Three types of invasive intestinal parasites are killing the birds.

"All three use an invasive snail, called the mud bithynia, or faucet snail, as an intermediate host," said Jim Nissen, who works for the Fish and Wildlife Service.

The snail slowly made its way from New England. Waterways along the Great Lakes played a role. In another circumstance, the faucet snail might be a new dish on the menu for ducks.

But Nissen says when the ducks eat these snails, the parasites they carry bore into the ducks' intestinal walls.

"They gorge on blood and then lay eggs," Nissen said. "The eggs are passed through the birds' feces, and that's how they reach the snails. That's how the cycle is perpetuated."

The lesser scaup duck is particularly susceptible to this parasite, killing them only in a few days. Their bodies litter the water like decoys. There were eight million lesser scaup in North America in the late 1970s now their numbers have dropped by half. Nissen worries that this snail-parasite duo could spell the end of the lesser scaup.

The snail and the parasites have been found as far south as Dubuque, Iowa, near another bird hot spot.

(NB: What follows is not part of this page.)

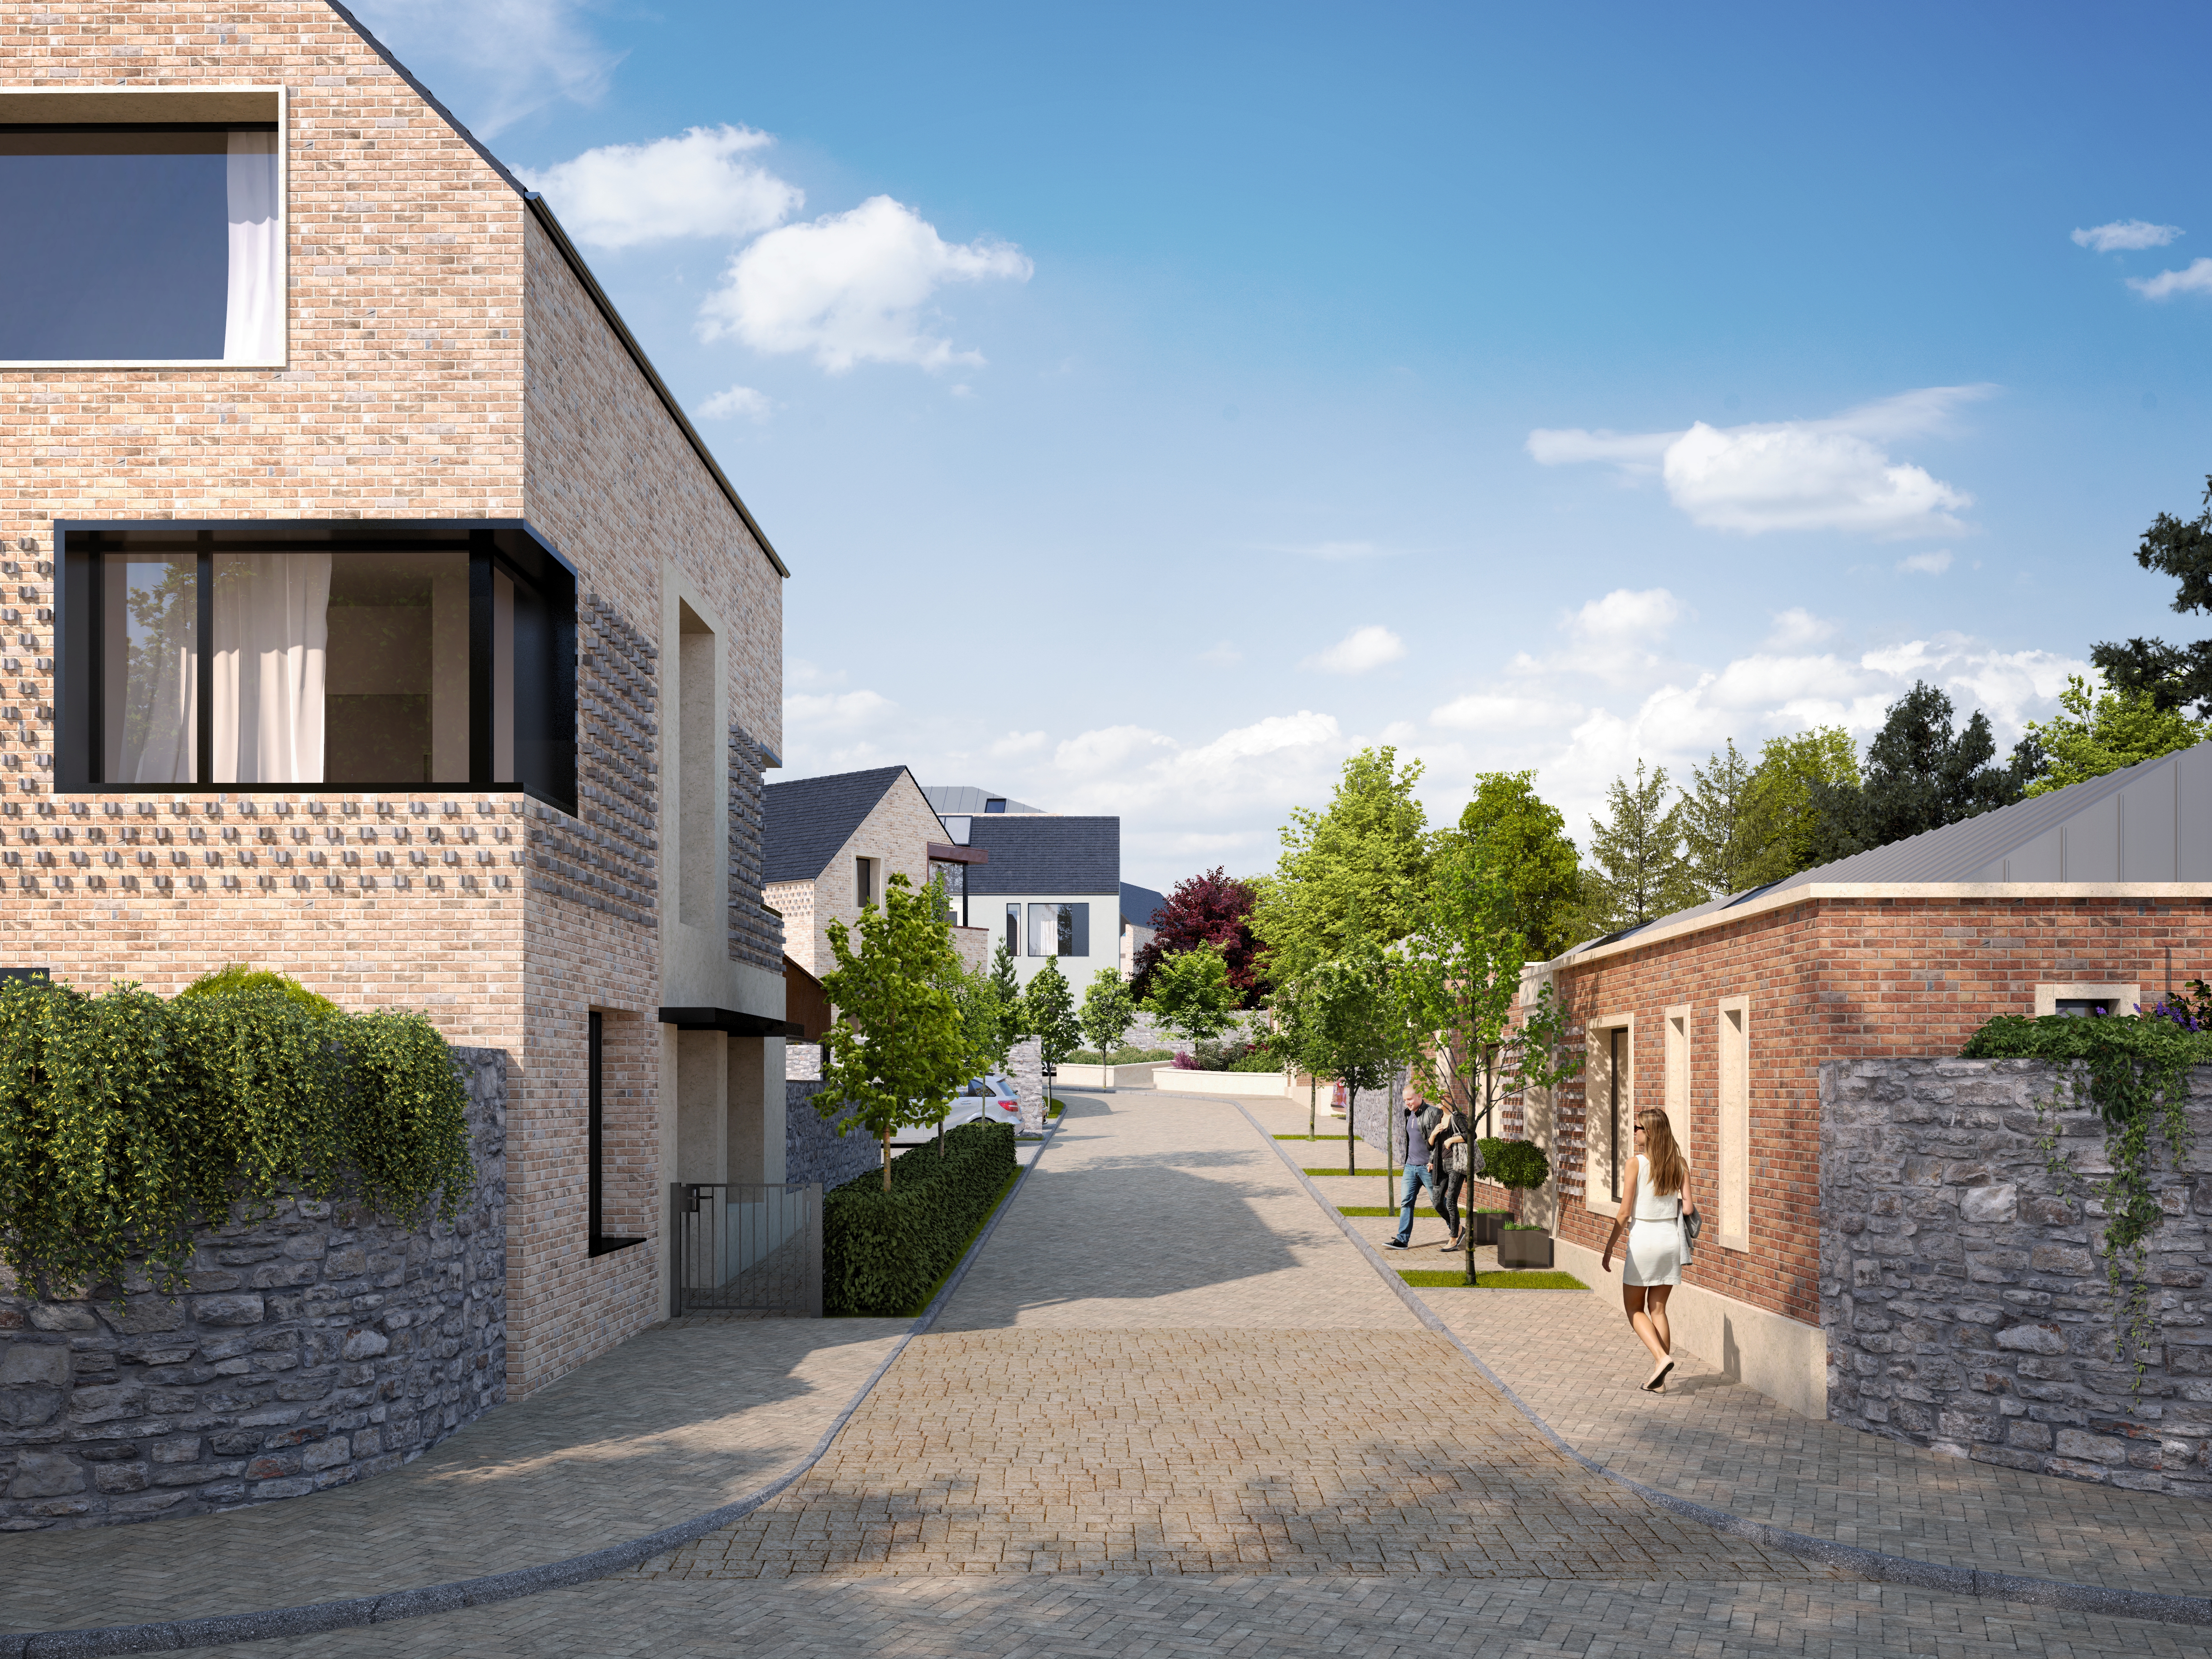 Manor View, Architectural Visualisation, CGI, 3D Animation, Street View, People walking on pavement, blue sky, road into horizon, two storey building on the left, 1 storey red brick bungalow on the right, housing estate on the horizon. https://gnet.ie/

In Texas, the invasive apple snail is thriving on wild rice beds. That's also duck food — and those snails, too, carry an intestinal parasite that is fatal to ducks.

Biologists have tried 15 poisons on the snails. Nothing has worked.

Scientists are currently redesigning islands on the river in an attempt to make them less hospitable to the snails. They're also hoping the ducks can develop a resistance to the parasites that live in the snails that they find irresistible.